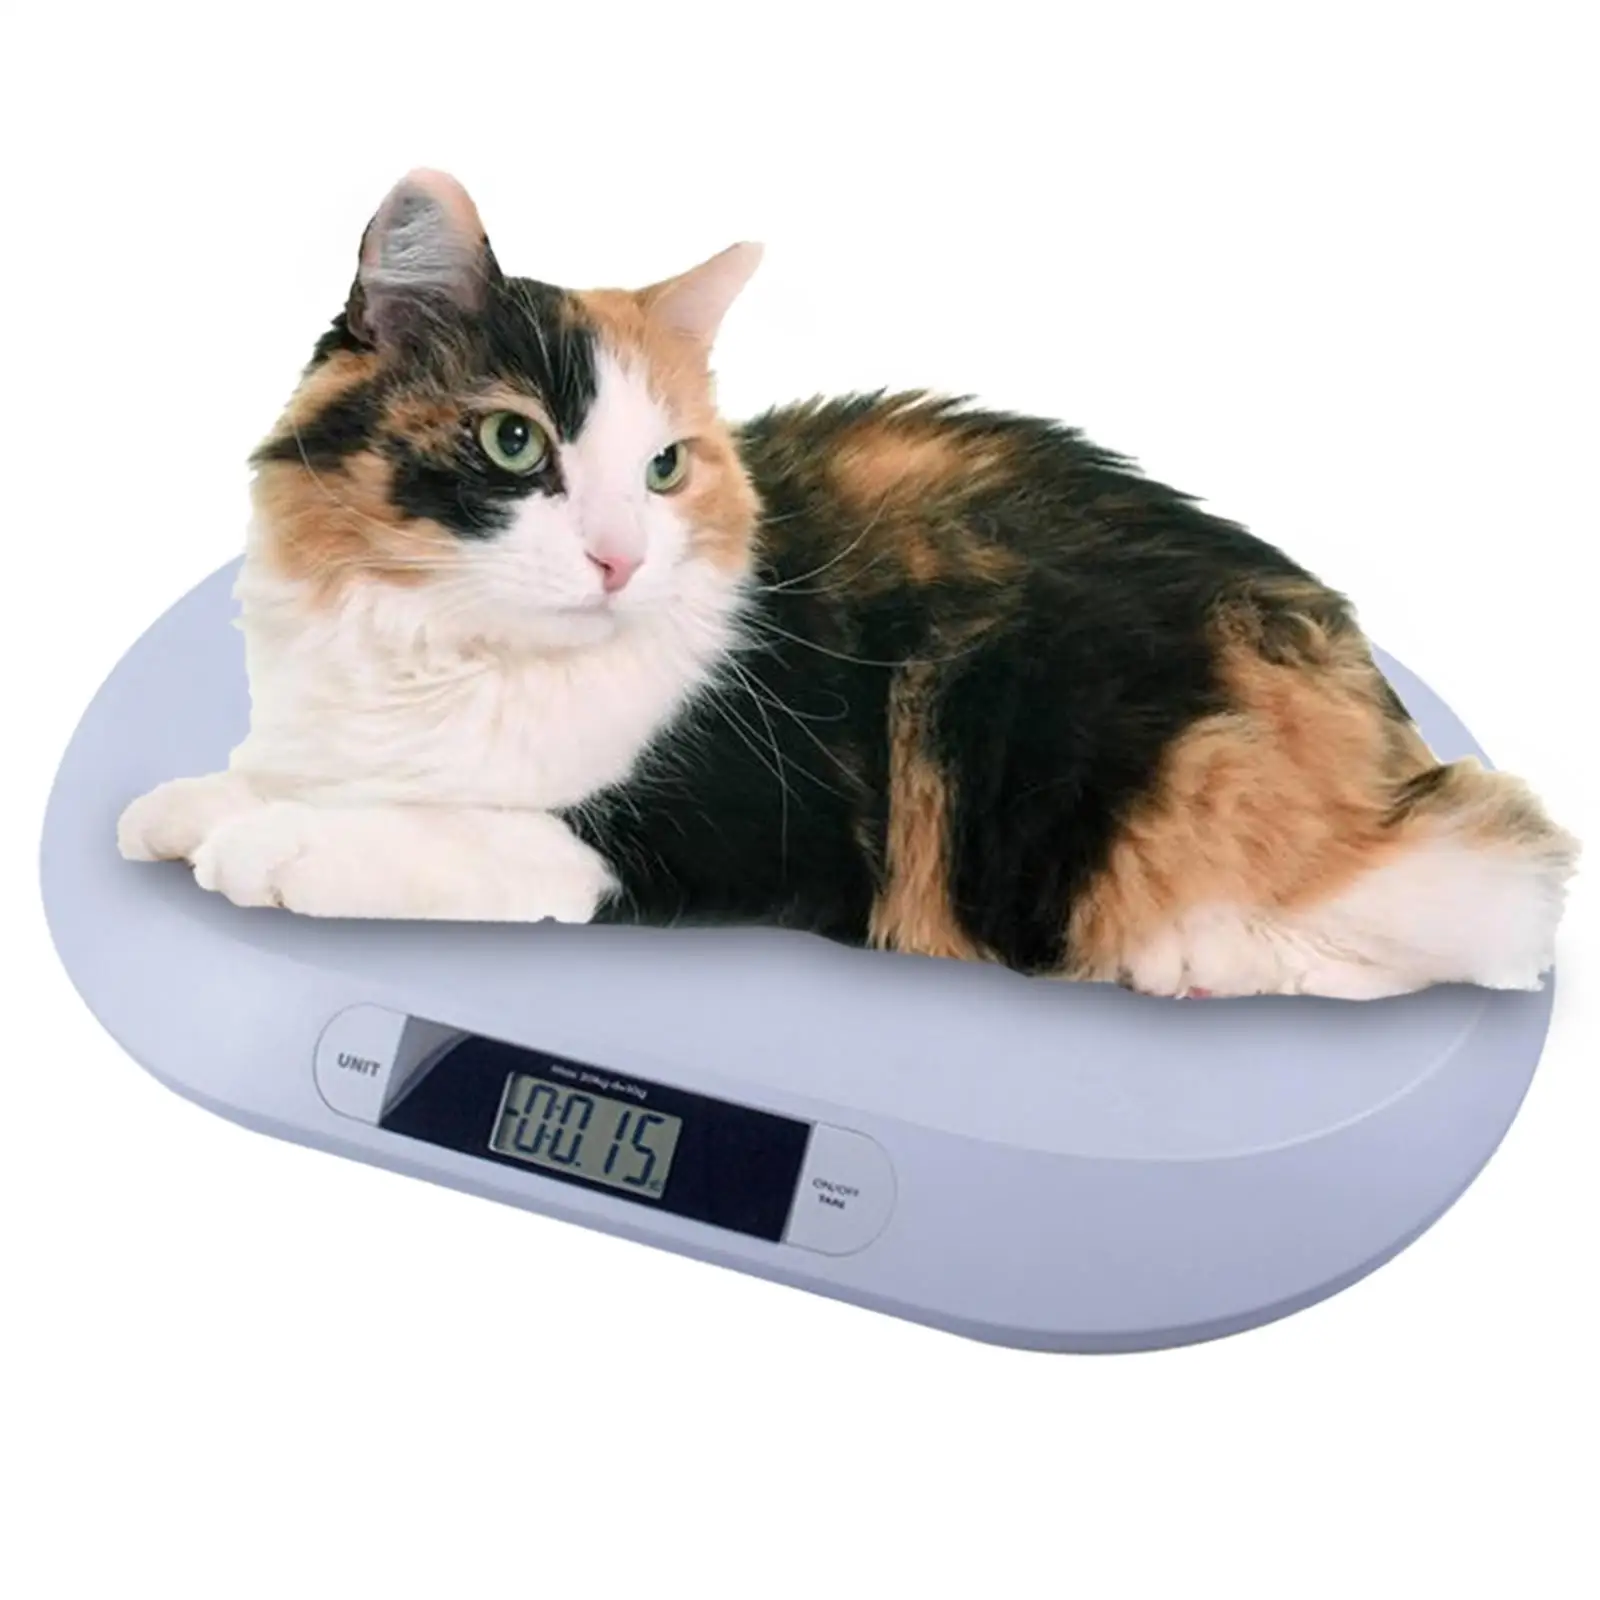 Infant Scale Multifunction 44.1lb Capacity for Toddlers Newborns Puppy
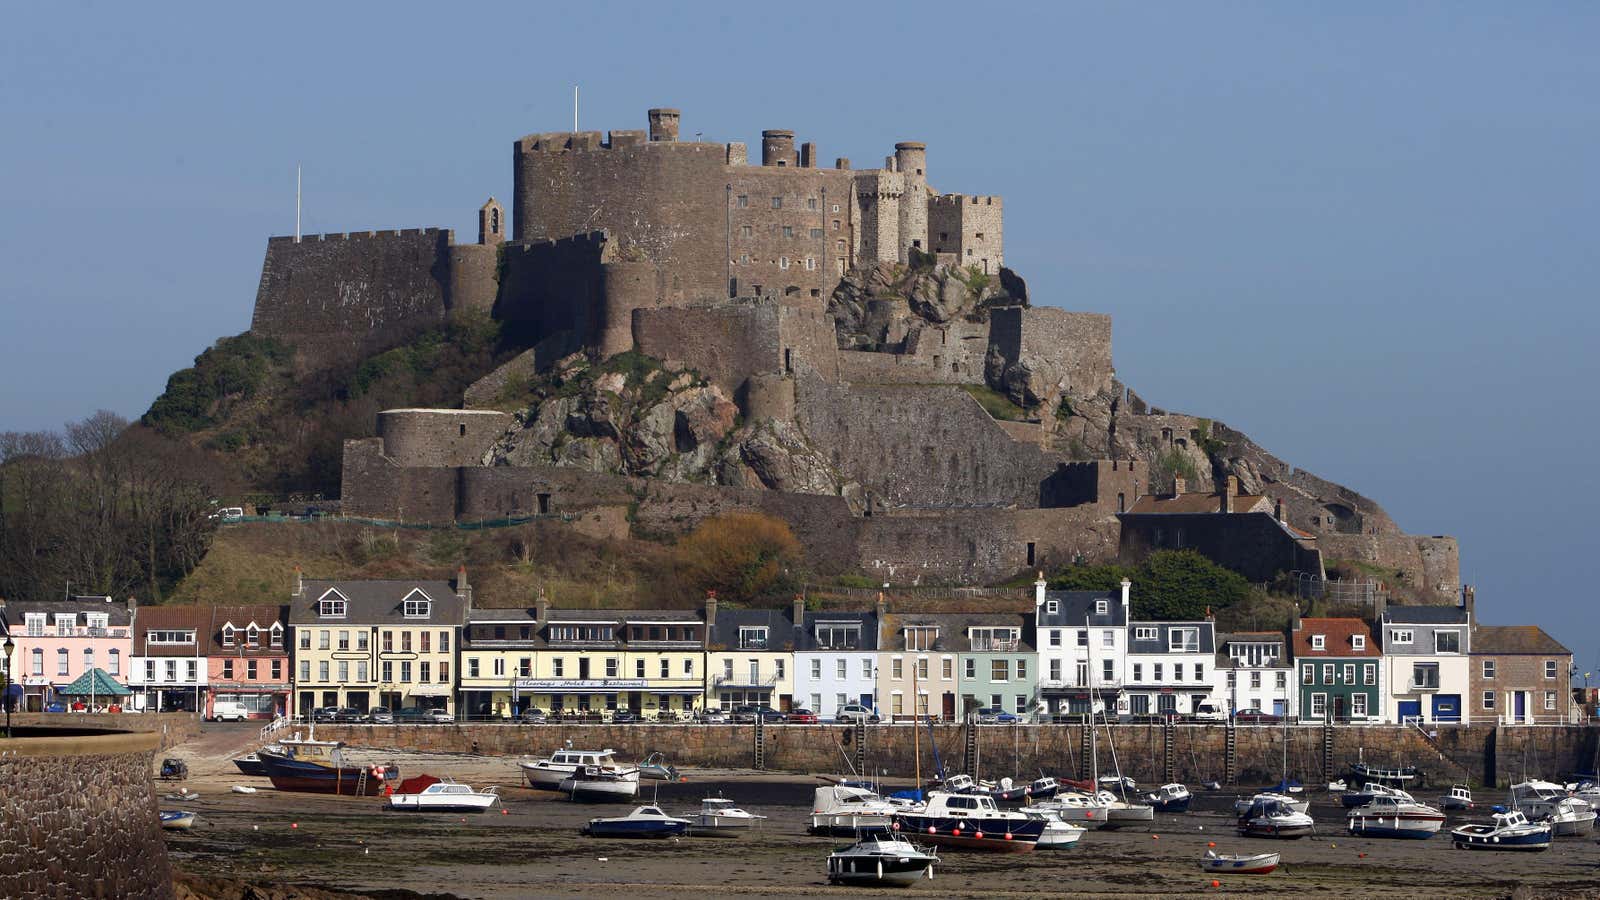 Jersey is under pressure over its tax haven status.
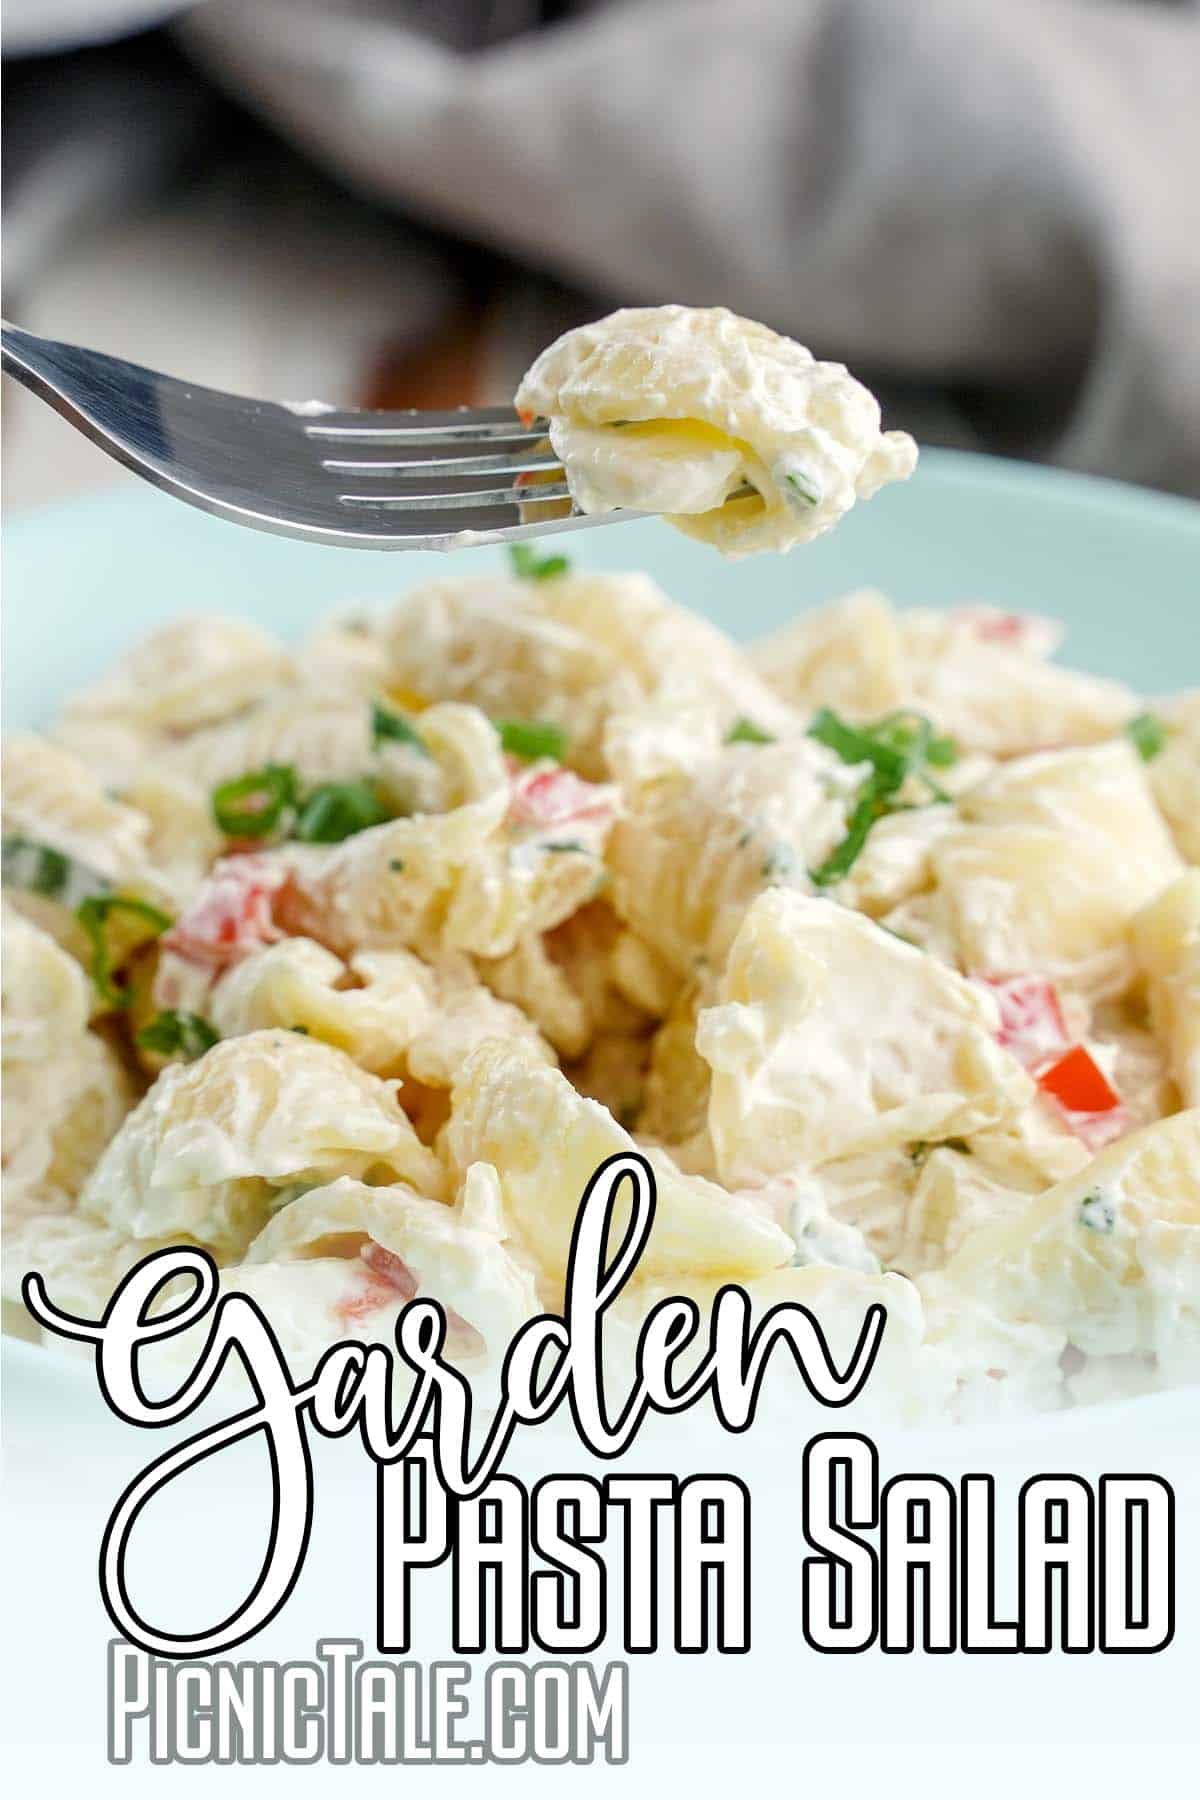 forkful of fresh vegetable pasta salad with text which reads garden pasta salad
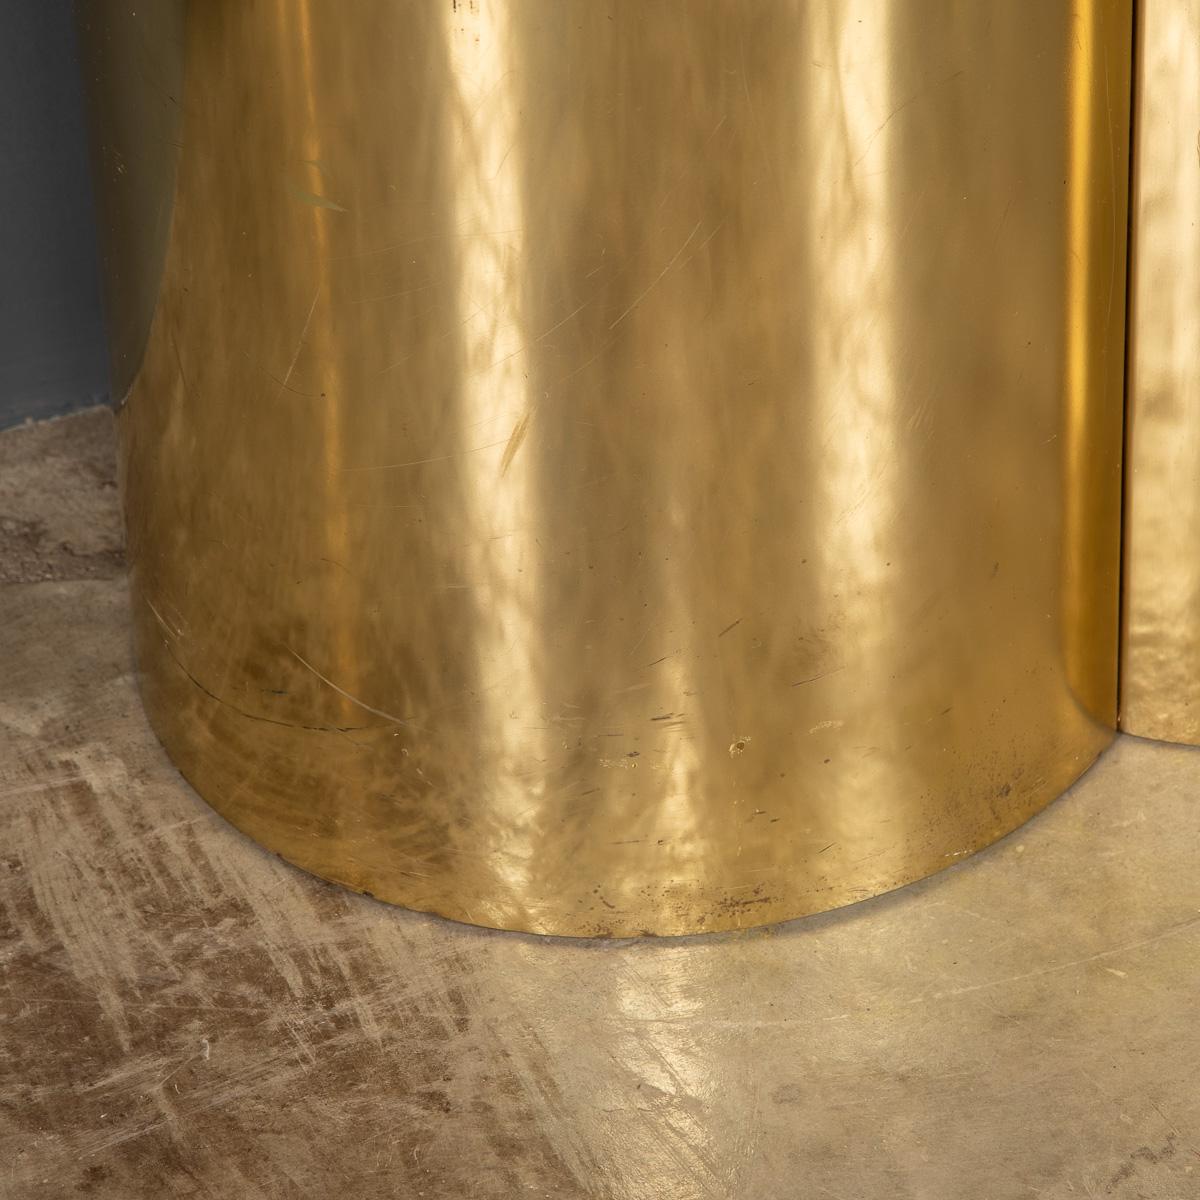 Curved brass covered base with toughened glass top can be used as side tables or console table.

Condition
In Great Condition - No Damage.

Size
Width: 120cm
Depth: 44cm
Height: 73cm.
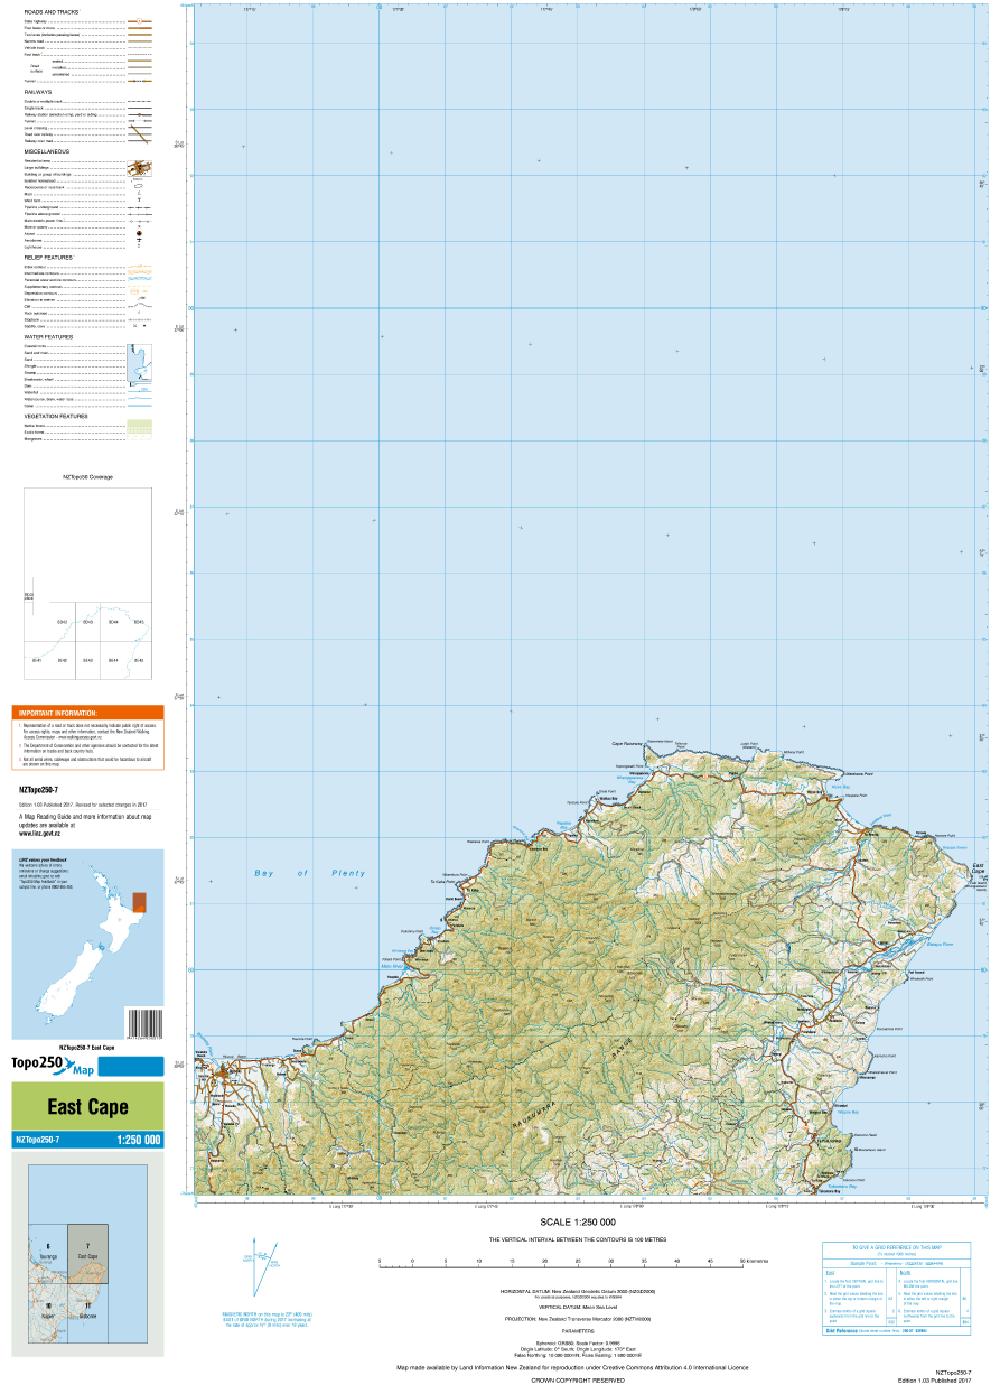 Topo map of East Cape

= = = = = = =

All that is required is the lines from the line containing "Curved brass covered" through the end of the records above, copied exactly, and none of the pictures.

▶ [Answer box]
 Curved brass covered base with toughened glass top can be used as side tables or console table.

Condition
In Great Condition - No Damage.

Size
Width: 120cm
Depth: 44cm
Height: 73cm.
 Topo map of East Cape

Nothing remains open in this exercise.